Data excerpt

======

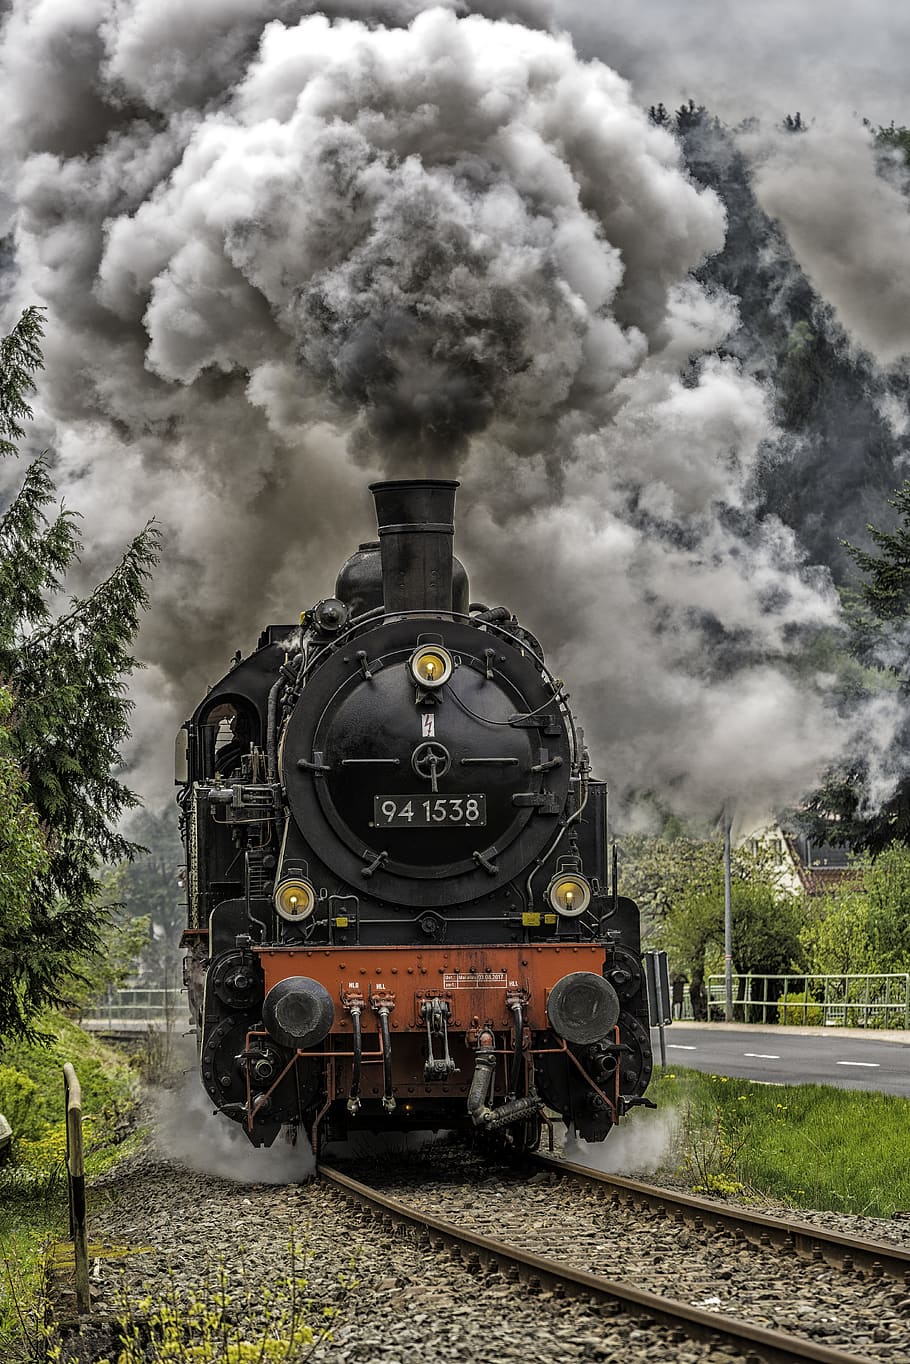 lokomotif uap, kereta api, asap, transportasi kereta api, jalur, kereta uap, kereta - kendaraan, jalur kereta api, lokomotif, moda transportasi
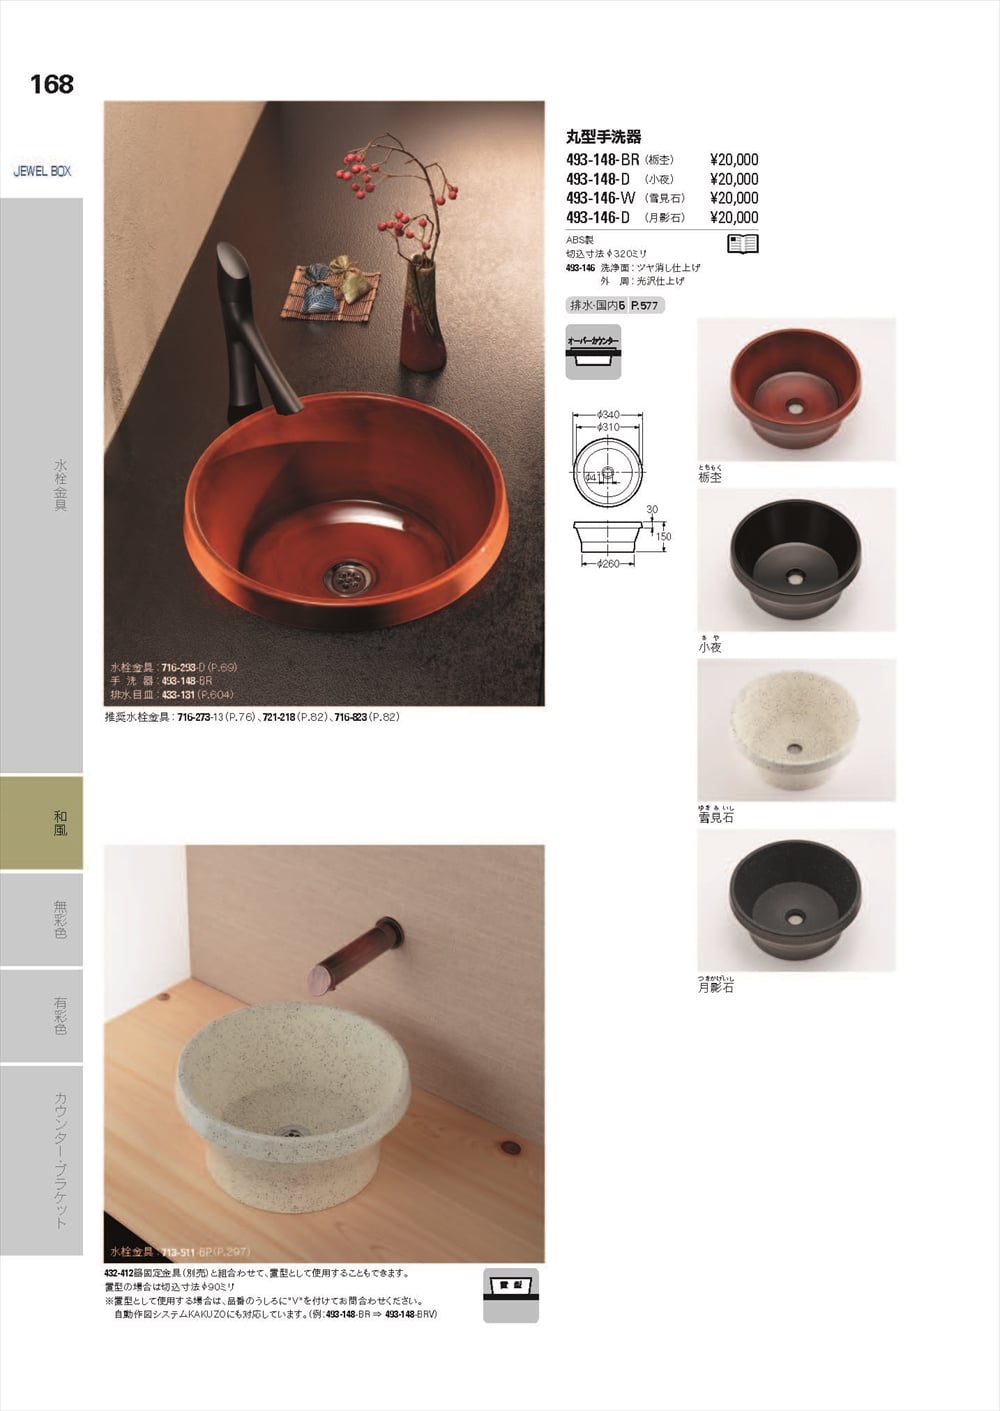 カクダイ 丸型手洗器  アーモンド 493-144-LD - 1
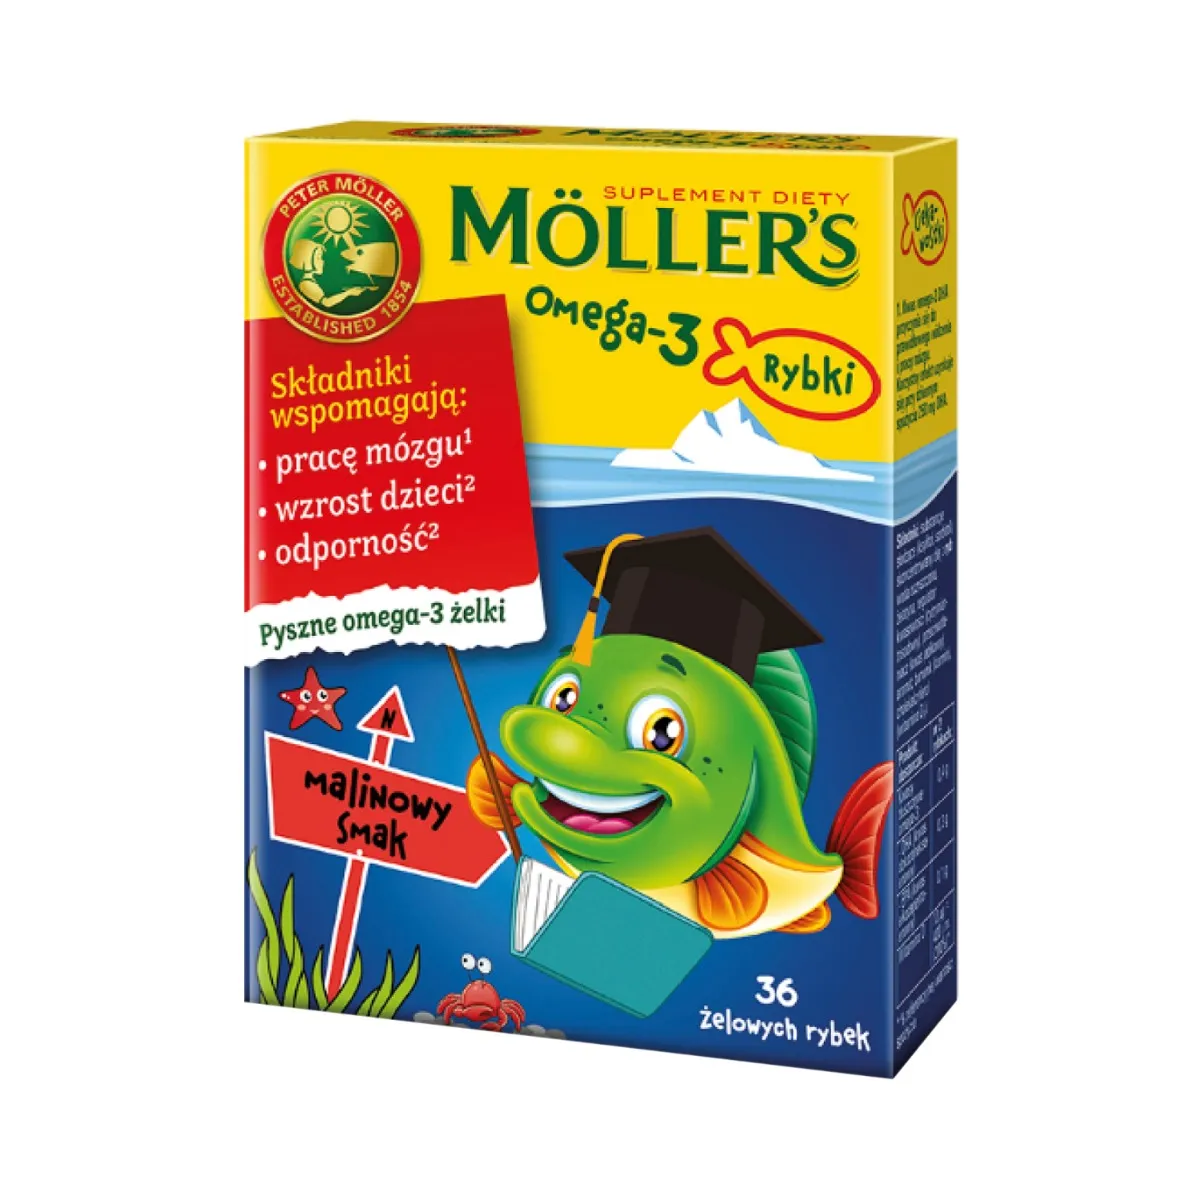 Mollers Omega-3 Rybki, smak malinowy, 36 żelek
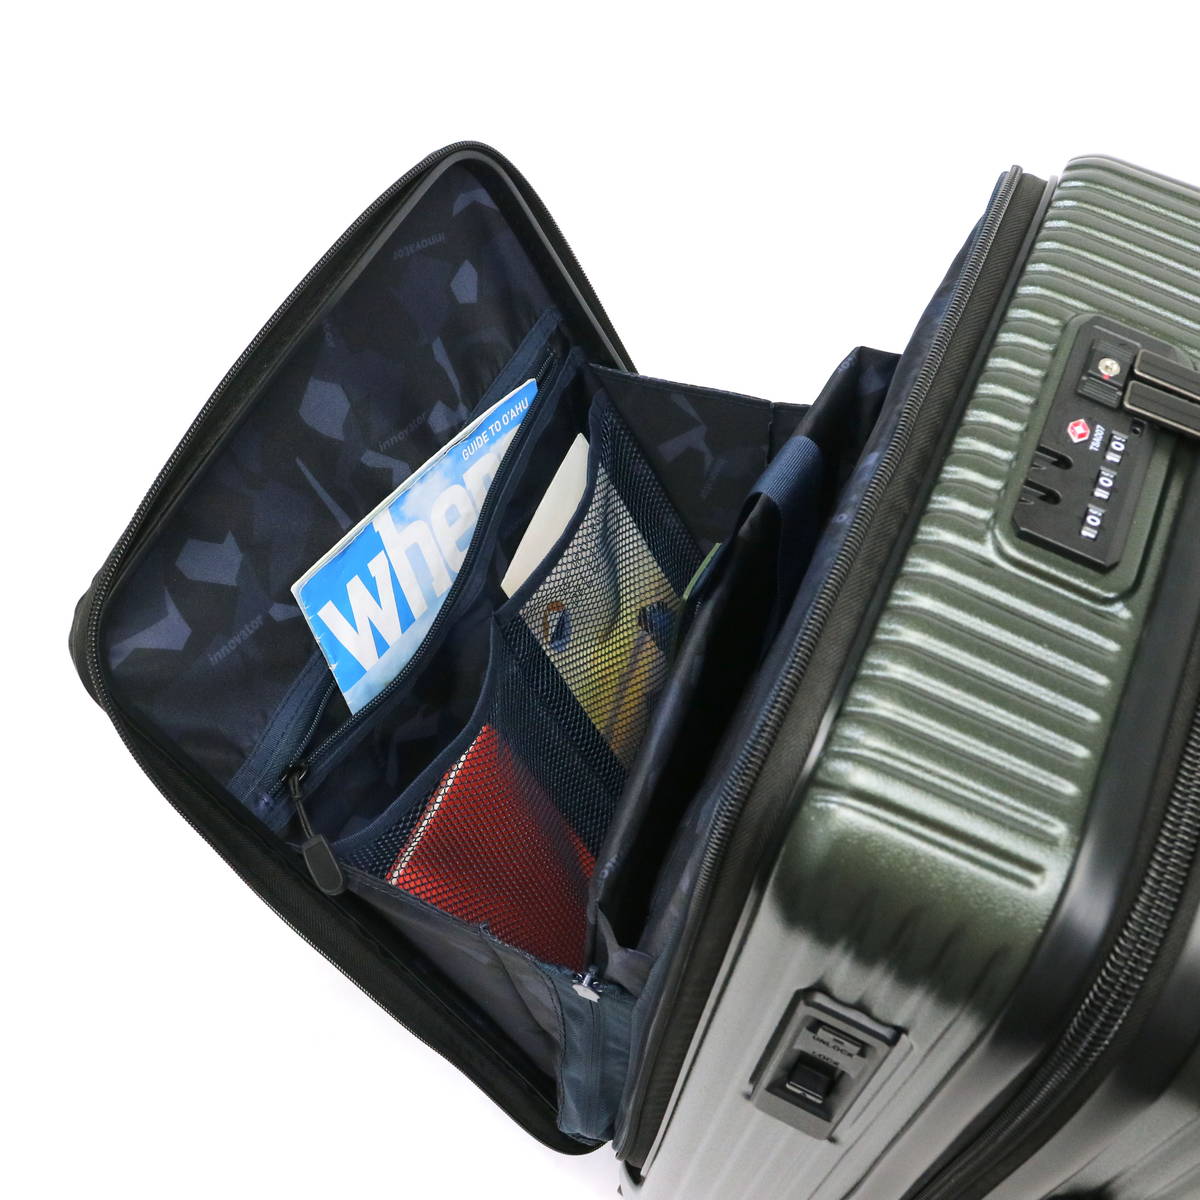 INV 50 イノベーター　スーツケース　 機内持ち込み 多機能モデル I

======

Work instruction
Could you retype exactly the lines running from the one with "Mollers Omega-3 Rybki, smak" to the end of the material above, pictures omitted?

Response
 Mollers Omega-3 Rybki, smak malinowy, 36 żelek
 INV 50 イノベーター　スーツケース　 機内持ち込み 多機能モデル I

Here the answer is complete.